Registro, la Cassazione rinvia alla Consulta l’imposta slegata dall’obiettivo di atti concatenati
Sarà la Corte Costituzionale a decidere se l’articolo 20 del testo unico della legge di registro (il Tur, contenuto nel Dpr 131/1986) autorizza l’interpretazione degli atti presentati alla registrazione mediante dati di interpretazione desunti al di fuori dell’atto da registrare (i cosiddetti elementi “extratestuali”) e tenendo in considerazione gli altri atti che siano a esso eventualmente considerabili come collegati.
La norma sotto esame
Con l’ ordinanza n. 23549 del 23 settembre 2019 la Cassazione ha infatti rimesso al giudice delle leggi il giudizio di costituzionalità della norma, recata appunto dall’articolo 20 Tur, per la quale l’interpretazione degli atti presentati alla registrazione andrebbe fatta leggendo solamente l’atto da registrare, senza potersi tener conto di quanto non risulti dall’atto stesso né di altri atti che siano ritenuti in collegamento con esso.
La capacità contributiva
Come noto, la norma racchiusa nell’articolo 20 Tur così dispone in dipendenza delle modifiche che vi sono state apportate dall’articolo 1, comma 87, legge 205/2017 (come autenticamente interpretato dall’articolo 1, comma 1084, legge 145/2018); e il giudizio di costituzionalità è invocato dalla Cassazione sul punto se la norma in questione, nel suo attuale assetto, violi il principio di capacità contributiva, di cui all’articolo 53 della Costituzione, e il principio di eguaglianza, di cui all'articolo 3 della Costituzione.
Sostanza e forma
Il ragionamento della Cassazione parte dalla considerazione che il principio di prevalenza della sostanza sulla forma è «imprescindibile» e «storicamente radicato»: cosicchè l’attuale formulazione dell'articolo 20 Tur sarebbe espressione dell’«esatto contrario» in quanto, se si vuole analizzare l’atto presentato alla registrazione con un approccio sostanzialistico, ciò «comporta la necessaria considerazione anche di elementi esterni all’atto e, in particolare, anche di elementi desumibili da atti eventualmente collegati con quello presentato alla registrazione».
La natura dell’imposta
Secondo la Corte Suprema italiana a questo ragionamento non ostano: né la considerazione che l’imposta di registro sia una “imposta d'atto”, in quanto questa osservazione non esclude che debbano comunque valorizzarsi eventuali elementi interpretativi esterni all’atto da registrare o il risultato perseguito mediante una pluralità di atti in connessione tra loro; né la considerazione che la legge imponga di qualificare l’atto da registrare secondo i suoi effetti “giuridici” (e non secondo il suo significato “economico”) in quanto, al fine di accertare la sostanza dell’attività giuridica che viene presentata alla registrazione, la legge non preclude che si attribuisca rilevanza, anche in considerazione del «sostrato prettamente economico» del principio di capacità contributiva, allo scopo economico perseguito attraverso il singolo atto o la concatenazione degli effetti giuridici degli atti che siano stipulati in connessione l'uno con l'altro.
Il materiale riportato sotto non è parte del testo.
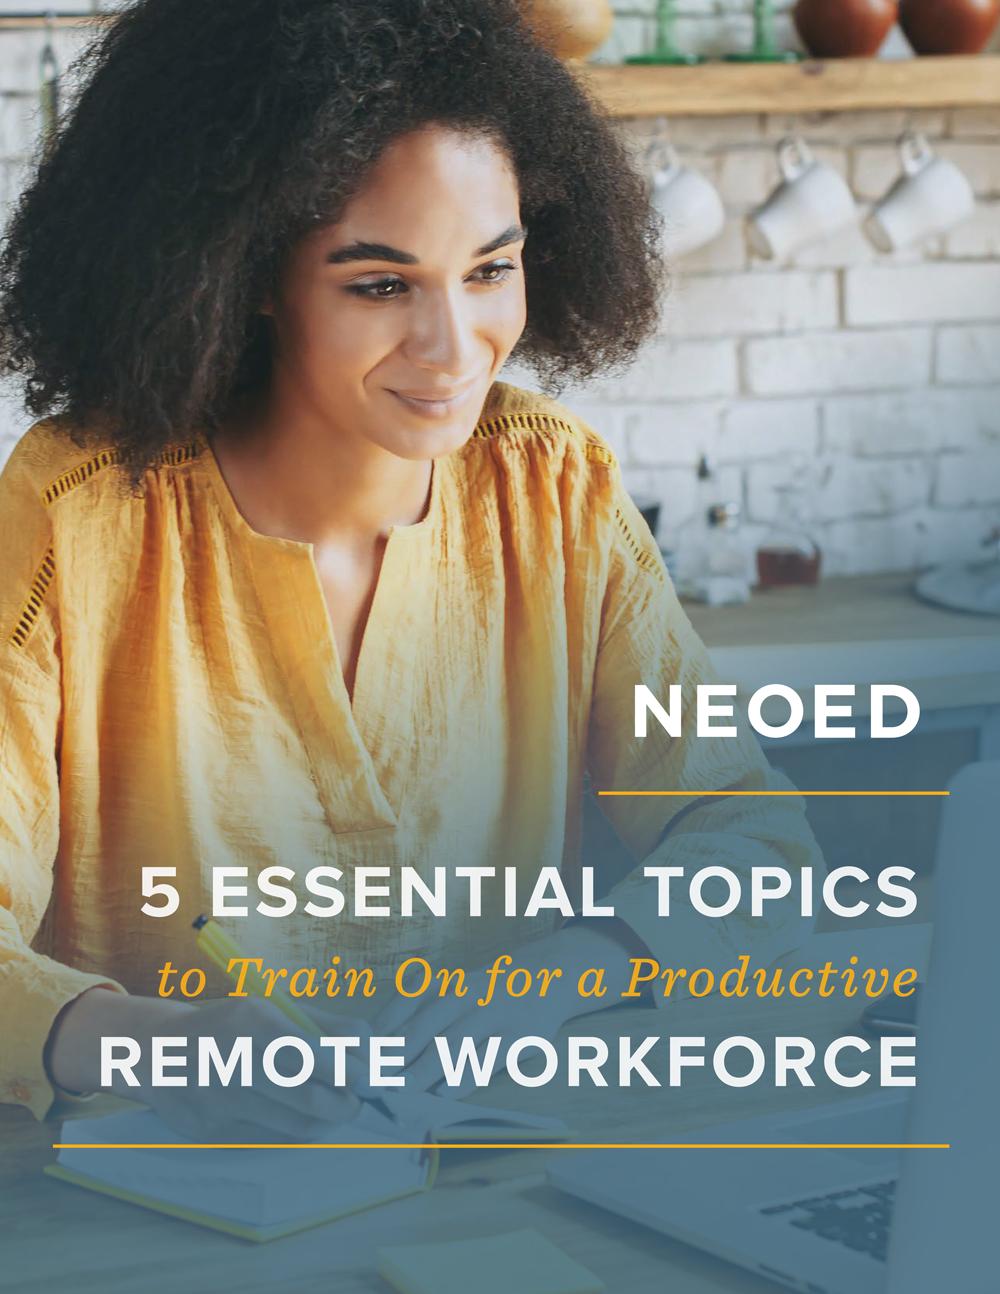 NEOED 5 Training Topics Remote Workforce

Il principio di uguaglianza
Inoltre, la Cassazione rileva che sarebbe contrario al principio di eguaglianza l’applicazione di una tassazione diversa a seconda che un dato risultato giuridico sia raggiunto mediante un solo atto (la cui unicità consente di osservare direttamente l’obiettivo che con esso si vuole conseguire) oppure mediante una pluralità di atti, se osservati nella loro singolarità.